**Data:**

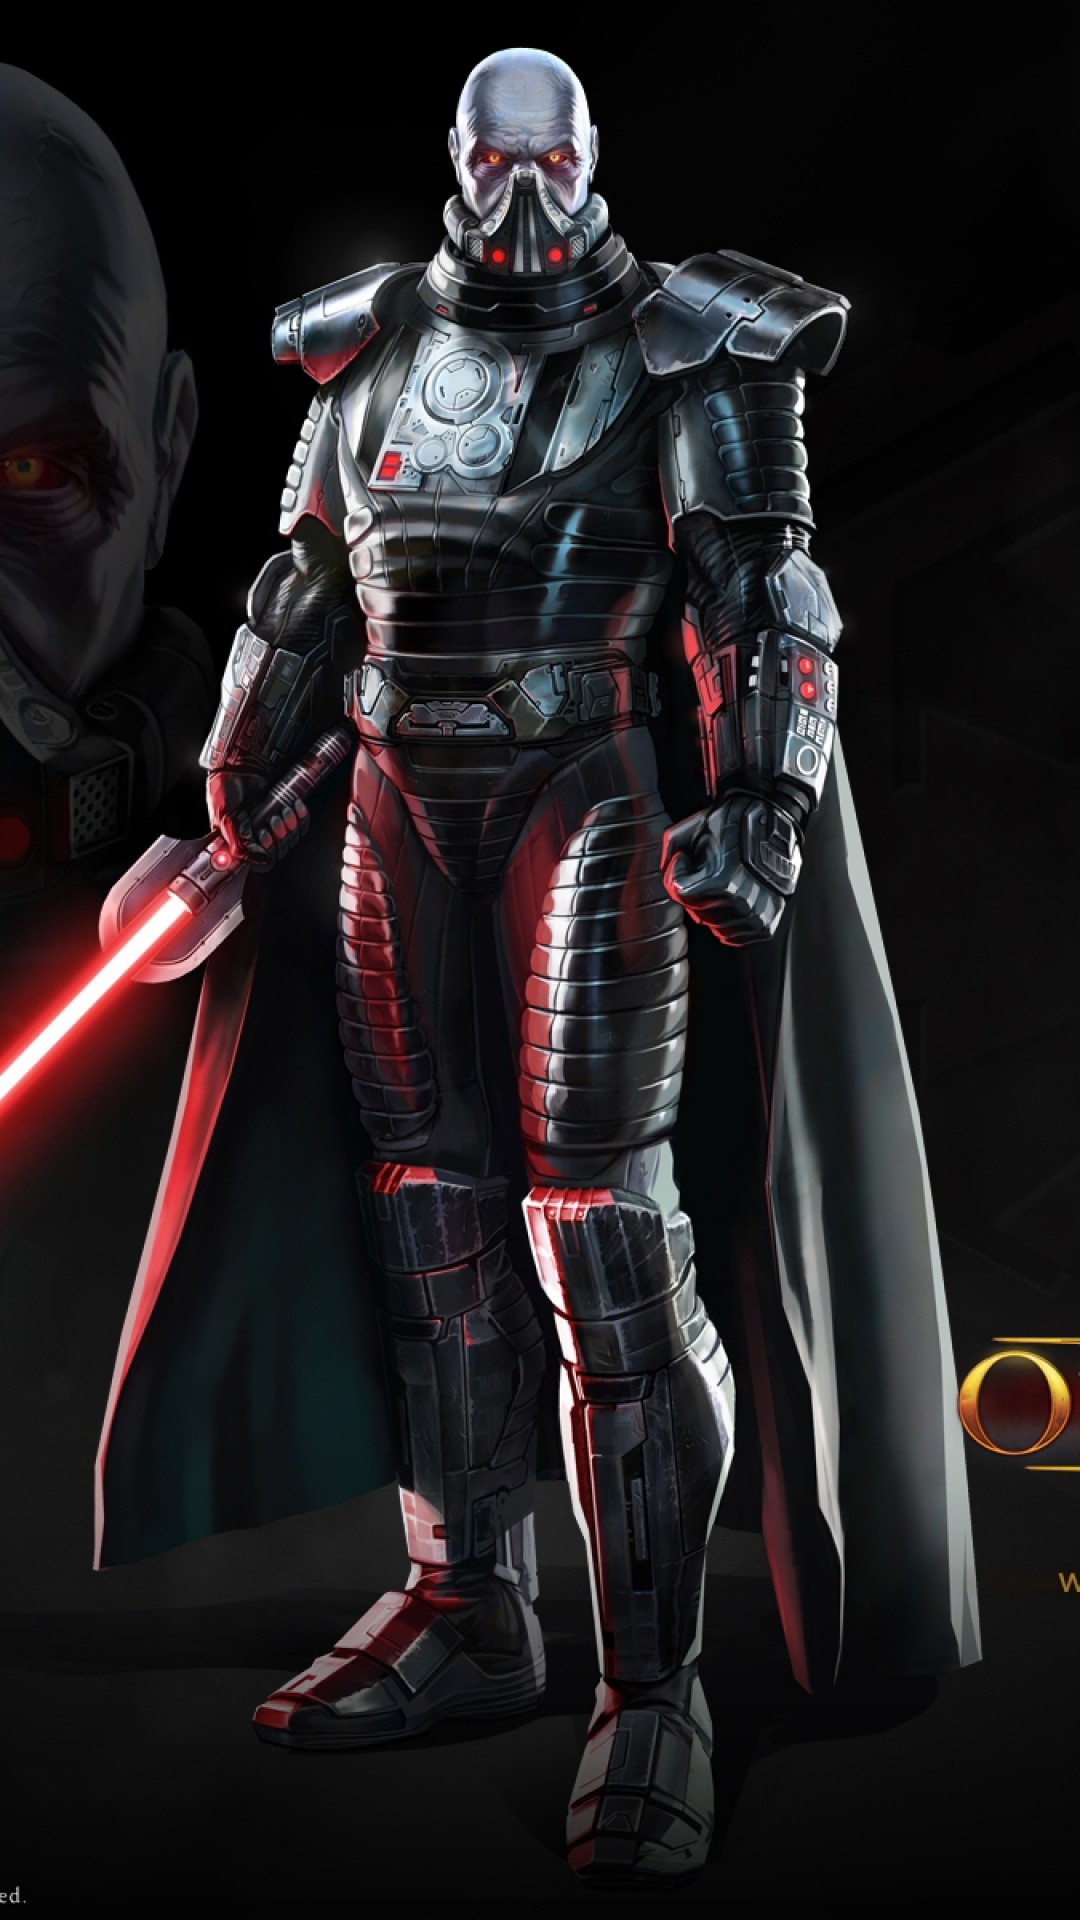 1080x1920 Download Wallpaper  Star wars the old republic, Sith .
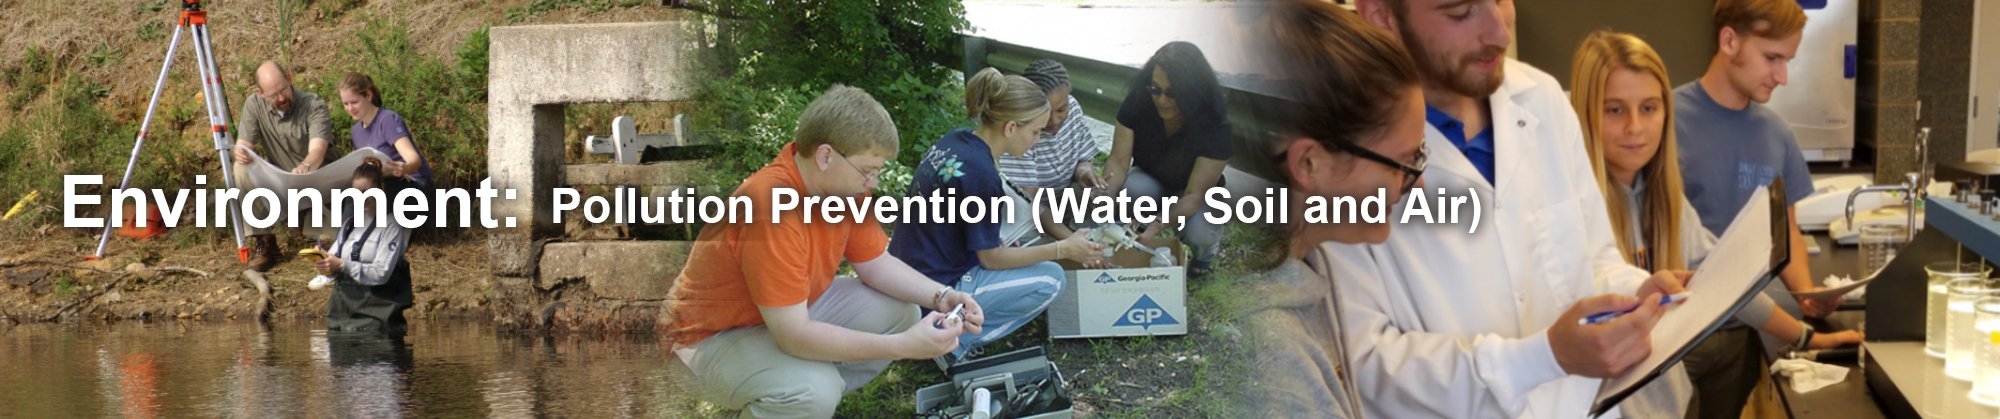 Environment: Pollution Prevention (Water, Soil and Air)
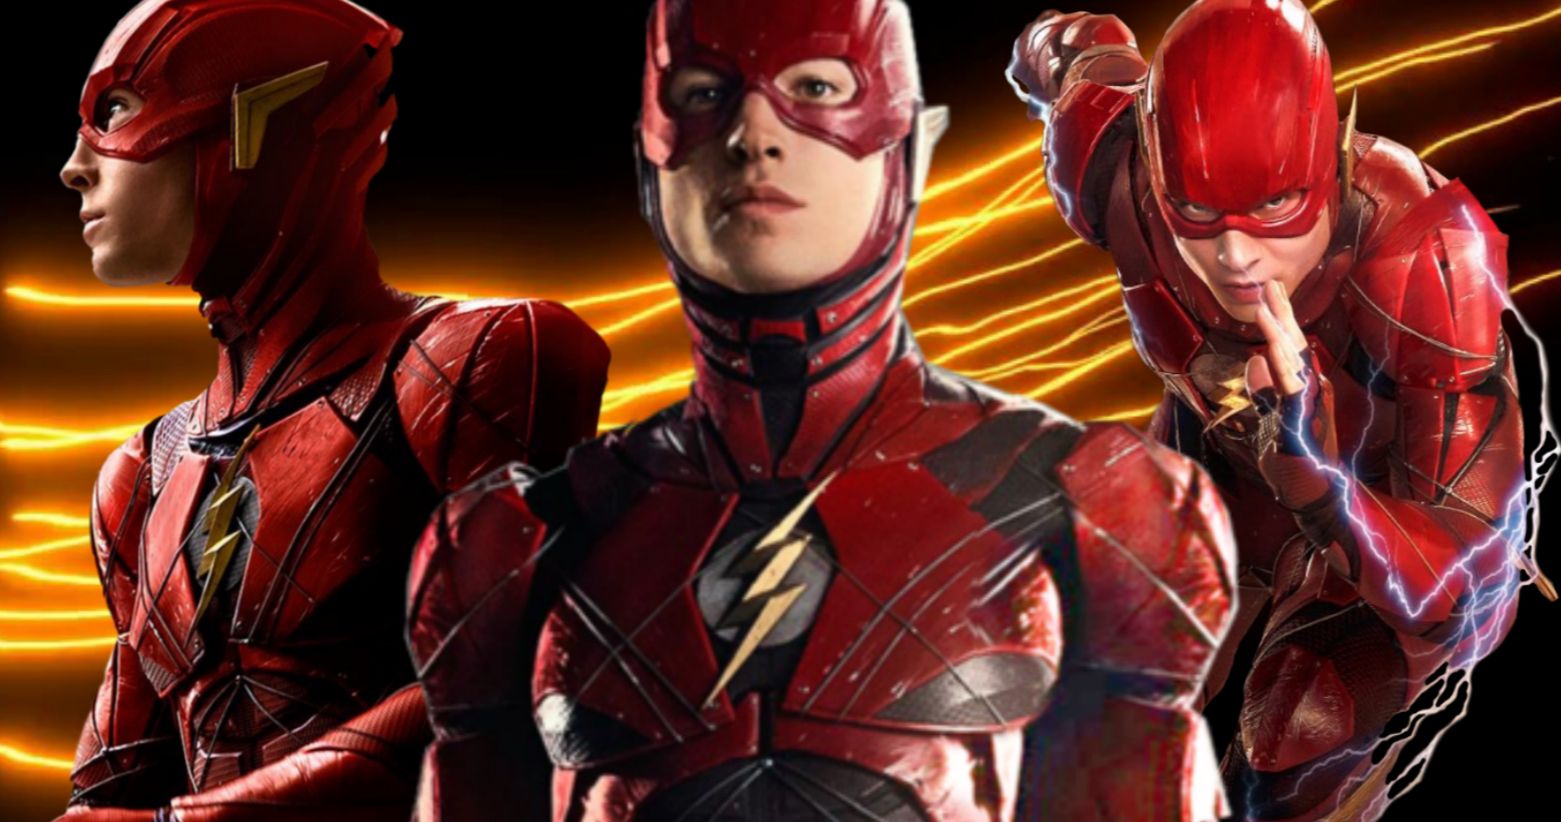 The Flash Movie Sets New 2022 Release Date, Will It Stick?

**Exercise instructions:**
All of the data is to be returned exactly, with no pictures included.

**Solution to this problem:**
 1080x1920 Download Wallpaper  Star wars the old republic, Sith .
 Environment: Pollution Prevention (Water, Soil and Air)
 The Flash Movie Sets New 2022 Release Date, Will It Stick?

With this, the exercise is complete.